› Forums › Speech Synthesis › Festival › Fixing a unit sequence
- This topic has 3 replies, 2 voices, and was last updated 4 years, 8 months ago by Simon.
-
AuthorPosts
-
-
April 19, 2020 at 11:26 #11185
I’ve created two unit selection voices, and I’d like them both to use the same unit sequence when synthesising an utterance. Is there any way I can do this? Can I extract the unit sequence given by one unit selection engine and feed it into another voice?
-
April 19, 2020 at 13:59 #11186
The only special case where you might want to do this is when demonstrating the effect of fixing a labelling error. The instructions suggest restricting the database to only the utterances providing the desired units. (This is not guaranteed to keep the unit sequence the same, if there are multiple instances of some diphones, but usually does the trick.)
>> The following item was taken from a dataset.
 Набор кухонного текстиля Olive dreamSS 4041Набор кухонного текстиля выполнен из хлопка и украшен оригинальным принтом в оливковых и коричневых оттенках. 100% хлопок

However, it’s not possible in general to impose this constraint on a full voice. Given that almost any change in a voice (e.g., different F0 estimation settings) will change either the join or target costs, you may get a different unit sequence. Constraining the unit sequence effectively means ignoring join and target costs.
Why do you want to do that, in your case?
-
April 19, 2020 at 16:13 #11189
I want to test the effect of using different numbers of mixture components during forced alignment labelling. My hypothesis was, because better labelling leads to better join points, listeners would hear fewer (or less noticeable) joins and rate the speech as more natural sounding.
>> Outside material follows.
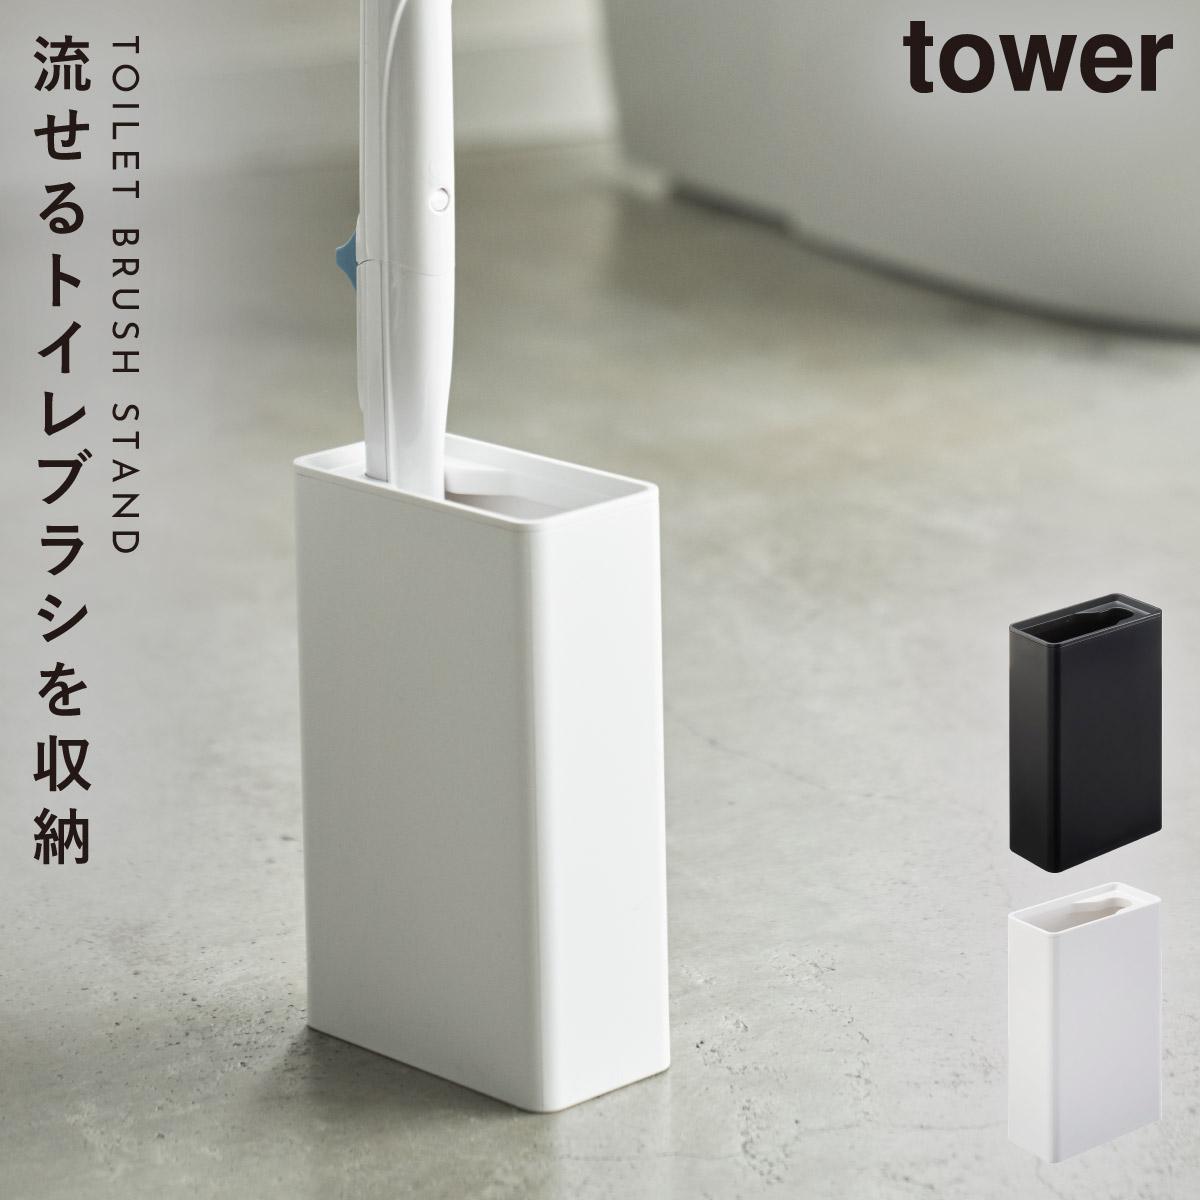 トイレブラシのハンドルをすっきりスリムに収納できるスタンド トイレブラシ 使い捨て 安い !超美品再入荷品質至上! 流せるトイレブラシ 収納 スタンド トイレ 流せるトイレブラシスタンド タワー tower yamazaki 山崎実業 ブラック シンプル ホワイト

I ran a listener test, and found no significant impact between voices labeled with different numbers of mixture components during forced alignment. I was trying to figure out why, and I found that the unit sequences were different between the two sequences.
This means I might not really have been measuring the true effect of better labelling. Listeners might not be indifferent to join point quality, but actually have been responding to the choice of units. I also found that more units were marked with ‘bad duration’ in voices with more mixture components in forced alignment. Labelling more units as outliers and imposing a high target cost might have meant potentially good candidate units were never used because of a ‘bad duration’ cost that was too high.
I wanted to force all the voices to use the same unit sequence so I could evaluate whether joins had generally been made better. If I could prove this, it would indicate there are some problems with the unit selection engine as is. That is, better labelling can make unit selection worse.
-
April 19, 2020 at 17:44 #11190
You’re experiencing the downside of unit selection – instability and unpredictable behaviour.
It’s also not necessarily the case that more powerful acoustic models provide a more accurate alignment.
Instead of forcing unit choices, you might instead think of some evidence that you can present to back up your claim that listeners were “responding to the choice of units”. This could be informal / qualitative / small scale / based on your own listening or analysis – no need for another listening test.
-
-
AuthorPosts
- You must be logged in to reply to this topic.